Создавая пьесу о выборе принцем жизненно верной позиции, Кальдерон выступает прямым наследником идей Возрождения, например Макиавелли, полагавшего «ради того, чтобы не утратить свободу воли, я предположу, что, может быть, судьба распоряжается лишь половиной всех наших дел, другую же половину или около того она предоставляет самим людям». Драматург начинает «Жизнь есть сон» с разработки мотива предсказания судьбы принца. Жизненный путь не родившегося еще ребенка предопределен, Сехисмундо должен выступить исполнителем грозной высшей воли. Характерно, однако, что в процессе развития сюжета мистическое понятие судьбы у Кальдерона зачастую сосуществует с категорией объективной логики обстоятельств, созданных людьми: например, роковое предсказание исполнилось в своей зловещей силе и потому, что этому способствовала слепая воля отца-деспота (монолог-обвинение принцем отца). Существенно при этом, что уже ЧС начала драмы автор как бы намеренно избегает социально-политической конкретизации художественной действительности и ее непосредственного соотнесения с испанской современностью. Кальдерон не чужд явно условных ситуаций (заточение отцом сына-младенца, линия Росаура - Сехисмундо и др.), в которых литературоведы видят нечто неестественное, исключительное. Очевиден преимущественный интерес автора к нравственно-философскому, этическому плану проблемы отношения личности к «воле неба». Как и у Макиавелли, принцип свободы воли позволяет высвободить активность личности, объективно ограничить воздействие на нее религиозного предопределения. Но у Кальдерона реализация тезиса о свободе воли отличается крайней напряженностью и драматизмом в условиях иерархической действительности, чреватой в понимании писателей барокко противоречивыми крайностями – загадочным, но бесчеловечным небесным предопределением и разрушительным своеволием человека или безвольной покорностью и смирением, которые вдруг оказываются трагическим заблуждением (образ короля-отца). Барочная иерархическая вертикаль, пронизанная торжеством абсолютных сущностей (божественности и небытия), лишает человека того почетного места, которое отводило ему Возрождение. Поэтому активность личности в ситуации предопределенности ее судьбы свыше не означает богоборческого обожествления человека, свобода воли выступает синонимом тождества индивида, который грозит раствориться в неуправляемой стихии высших сил и собственных страстей.

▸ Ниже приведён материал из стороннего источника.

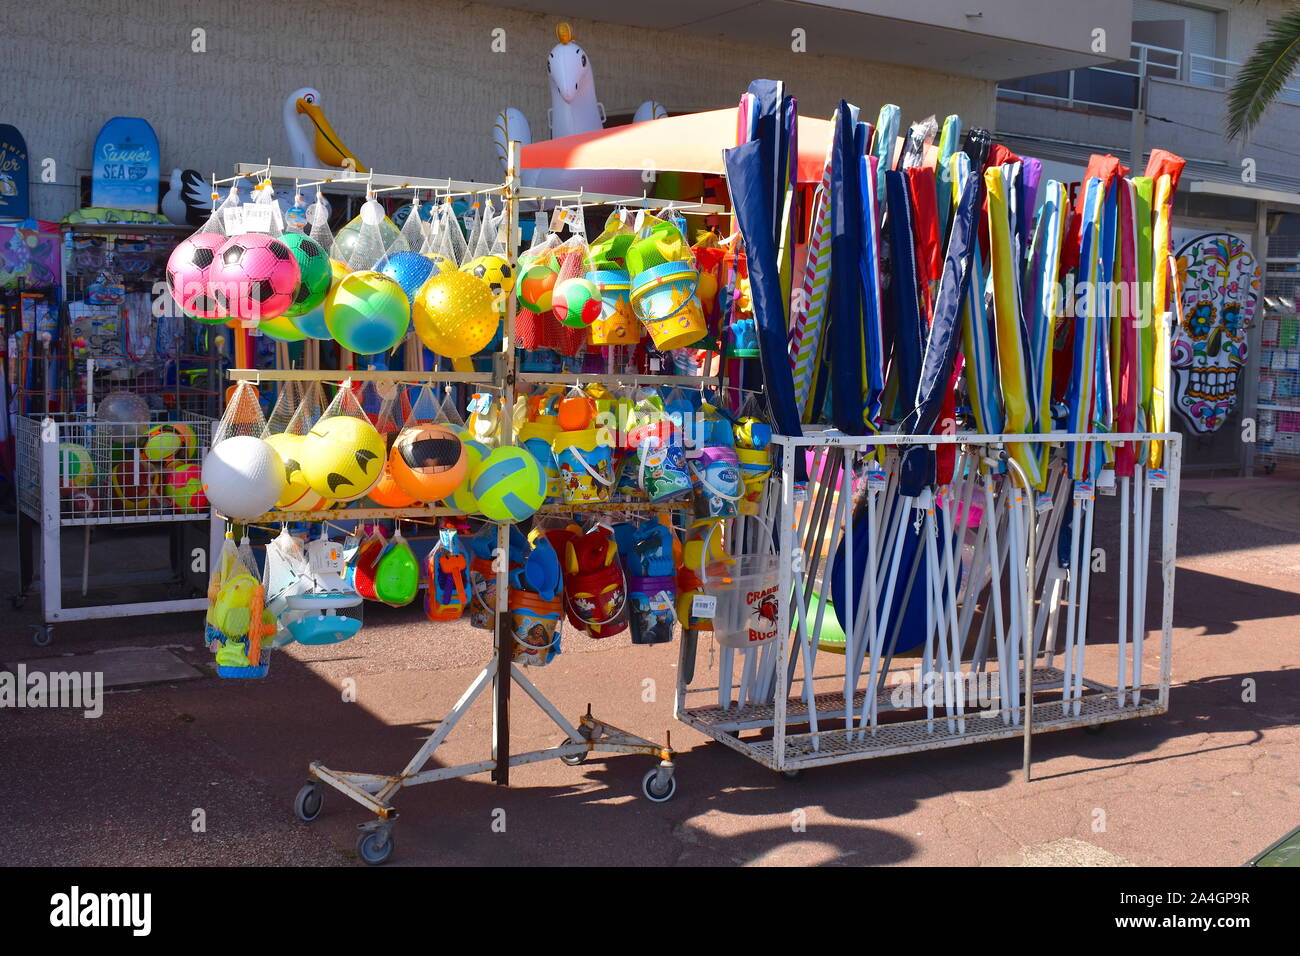 Bucket, spade and mould sets, beach balls, beach tennis, swimming inflatables and body boards sold on the promenade in south of France. Stock Photo

˂…˃ Оба писателя претворяют идею жесткой зависимости существования личности от контекста бытия. Тезис о человеке – творце своей судьбы – трактуется парадоксально-пессимистически в романе Кеведо, зримо-драматически – в пьесе Кальдерона. Идею внеличной обусловленности бытия человека Кеведо запечатлевает в мотиве всесильной фортуны, Кальдерон же с его возвышенным прочтением жизненных коллизий скорее тяготеет к нравственно-философской позиции знаменитого ренессансного мыслителя Л.Б. Альберти, который задумывался над всесилием фортуны и искал противодействия ей во внутреннем мире личности.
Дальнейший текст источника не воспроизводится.